> Perhaps using async VFS mode would better suit Yoni's application?
>
> http://www.sqlite.org/asyncvfs.html

>From my experience asyncVFS is not suitable for applications with high
throughput expecting high performance, because with big load and big
writeback queue asyncVFS consumes a lot of CPU for each reading from
file (it scans through the whole queue on each request to read, lock
or unlock database file) which I guess generally slows down each query
significantly (apart from causing a big CPU load).

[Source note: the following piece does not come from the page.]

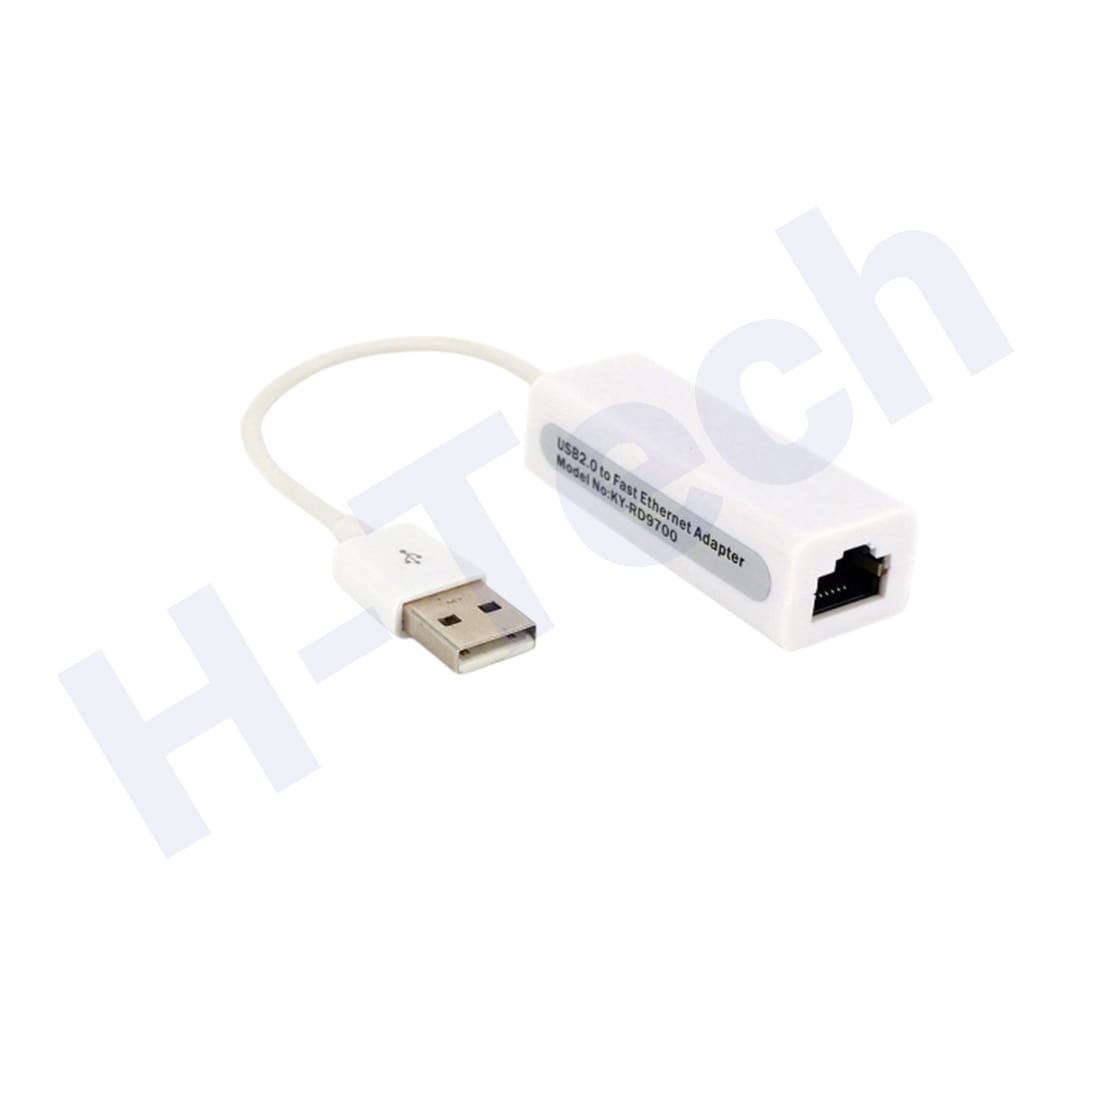 TIGER LAN USB K9 PLUS N°9700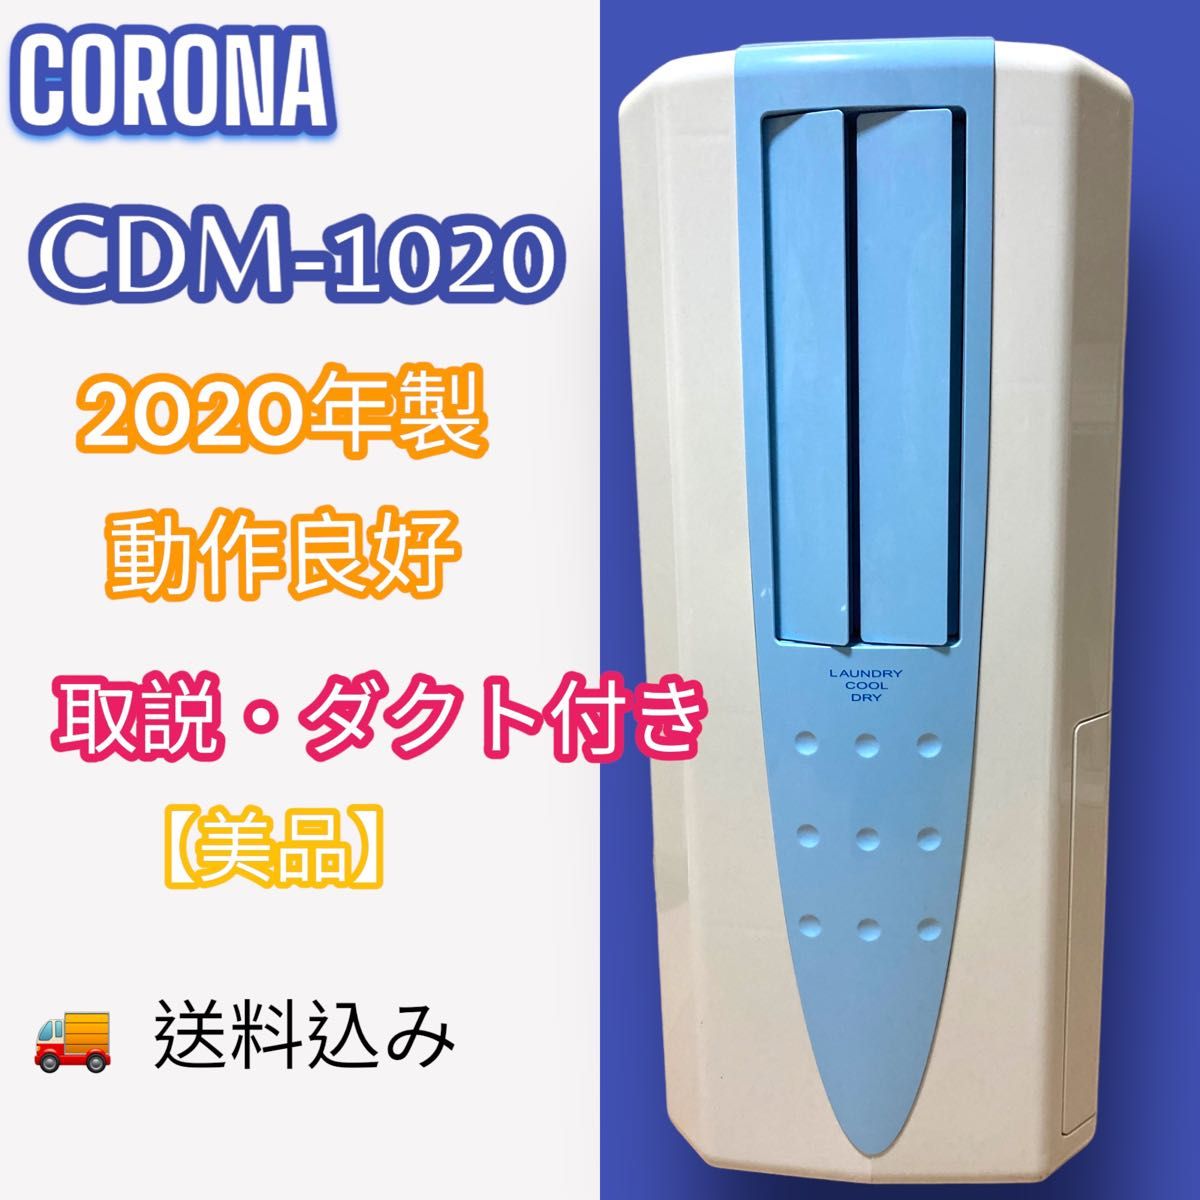 CORONA コロナ 【美品】CDM-1020 2020年製 動作良好 どこでもクーラー

Such application needs custom VFS designed specifically for its needs
(e.g. you can eliminate actual locking/unlocking of database file - it
gives pretty significant benefit but again at the price of never be
able to connect to database while your application is running). Also
this custom VFS can be coupled with custom PCache to get some
additional perks: e.g. VFS can schedule every write to background
thread and tell PCache that whatever SQLite says it shouldn't evict
this page until it's written to disk. This way you'll be able to write
everything in background without causing additional pressure on
queries - all pages they need are either in the cache or were not
changed recently and are not in VFS background queue. Of course such
system will corrupt database immediately if application exits/crashes
with non-empty background queue. Also such system has danger of going
out of memory in case of too big throughput, so it needs to have
additional guards for that.


Pavel

On Fri, Dec 10, 2010 at 10:05 AM, Christian Smith
<csm...@thewrongchristian.org.uk> wrote:
> On Fri, Dec 10, 2010 at 09:49:46AM -0500, Pavel Ivanov wrote:
>> > Given that the WAL index is mmap'ed, you're unlikely to see improvement
>> > in performance by storing it in heap memory. Reads/writes will go at
>> > main memory speeds once mapped into your address space, and under memory
>> > pressure, it will be no slower than if the heap was pushed to the swapfile.
>>
>> Still I think pushing actual memory to swap file has bigger memory
>> pressure threshold than pushing cache pages that are backed by actual
>> file data out of physical memory. Also writing to mmaped file will
>> still force OS to write it to disk from time to time and that brings
>> additional pressure on the system overall.
>>
>
> Once you're pushing working memory to disk, you've basically lost the
> performance battle either way.
>
> Given the OP problem, it doesn't sound like memory is the limiting
> factor anyway.
>
> From the past posts, it appears Yoni is after predictable performance
> with high throughput (logging system?) but without the durability
> gaurantees provided by SQLite by default.
>
> Perhaps using async VFS mode would better suit Yoni's application?
>
> http://www.sqlite.org/asyncvfs.html
>
> This way, the foreground thread handles writes to the SQLite IO queue,
> and the background SQLite IO thread handles any latencies that result
> from the commits. Yoni's already mentioned in other threads that
> durability is not the main priority.
>
> I'm not sure how this async VFS fits in with WAL. Might be that normal
> rollback journalling only is supported, but from a performance
> standpoint, that's probably not a problem.